SUPPLIED RECORDS:
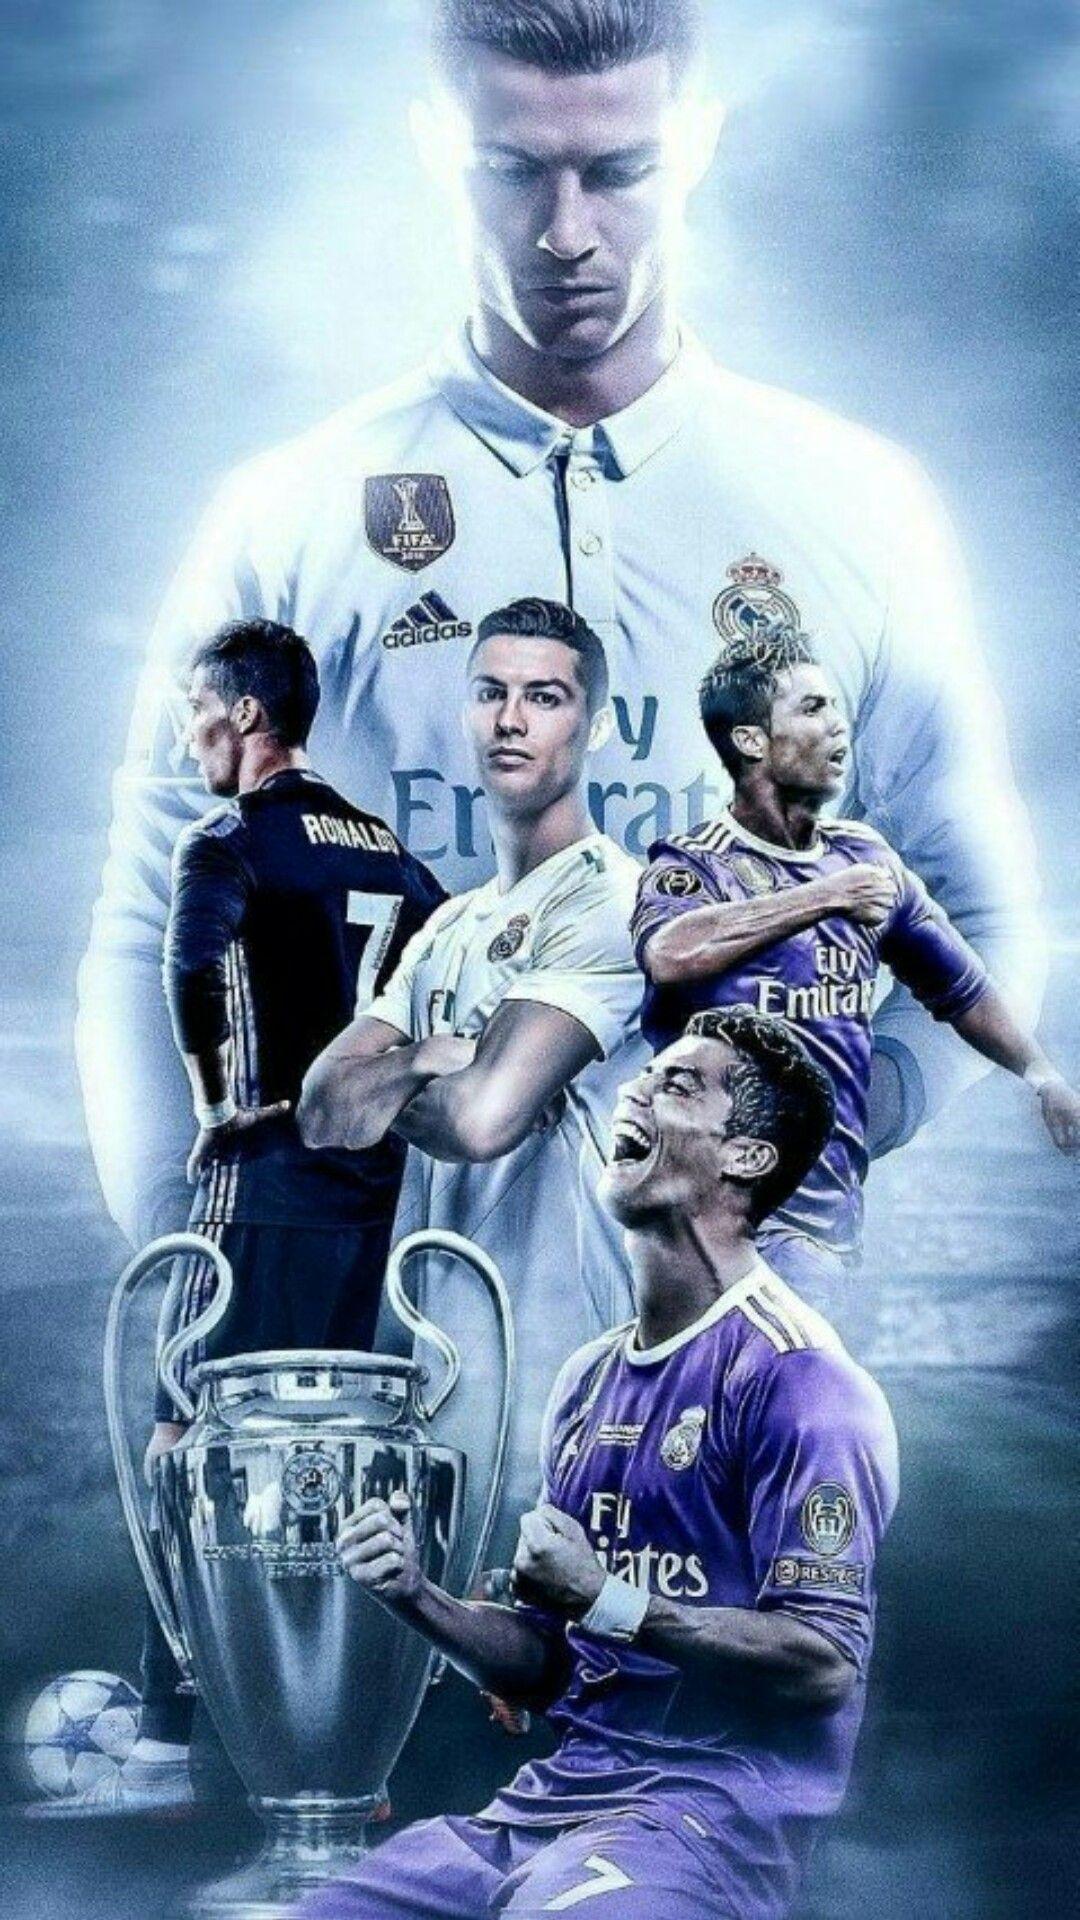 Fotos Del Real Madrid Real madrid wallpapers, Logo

* * *

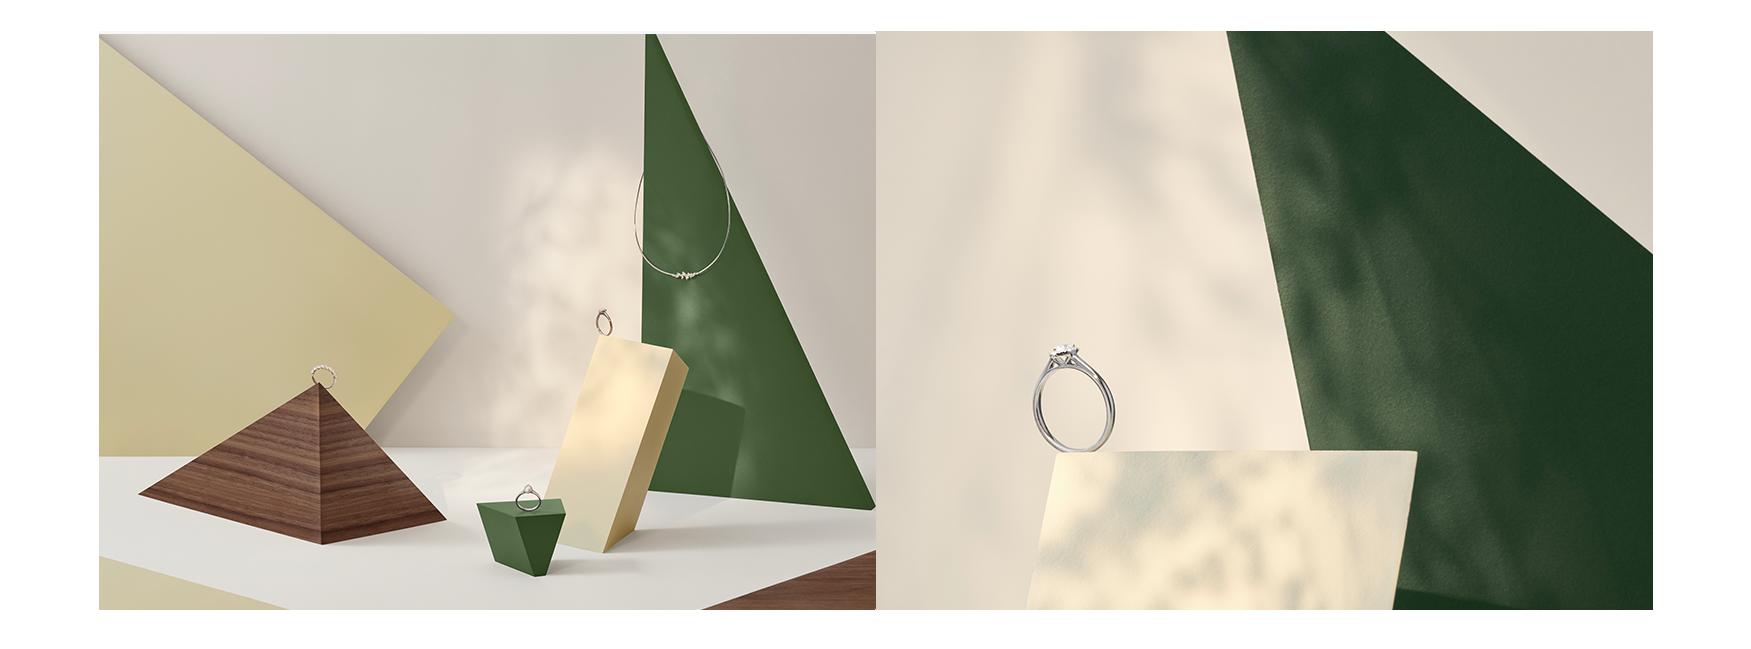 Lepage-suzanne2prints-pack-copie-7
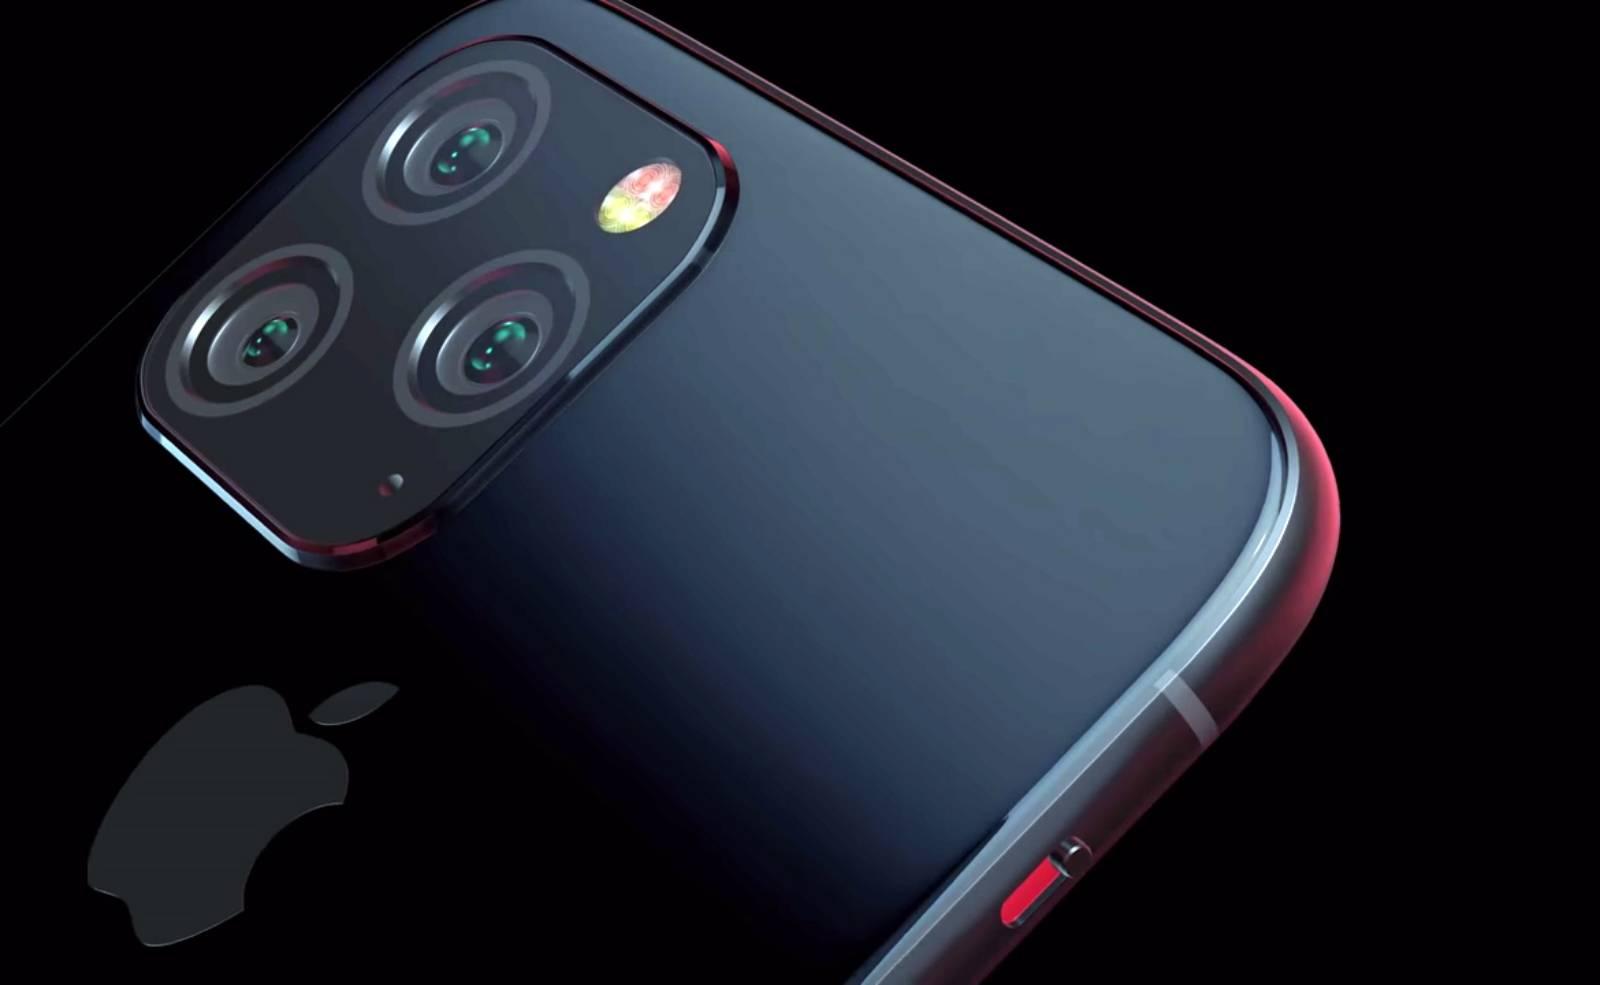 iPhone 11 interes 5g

ASSIGNMENT: Please output, exactly as written, the lines above from the one holding "Lepage-suzanne2prints-pack-copie-7" through the one holding "iPhone 11 interes 5g", both included, with the pictures omitted.

WRITTEN RESPONSE:
 Lepage-suzanne2prints-pack-copie-7
 iPhone 11 interes 5g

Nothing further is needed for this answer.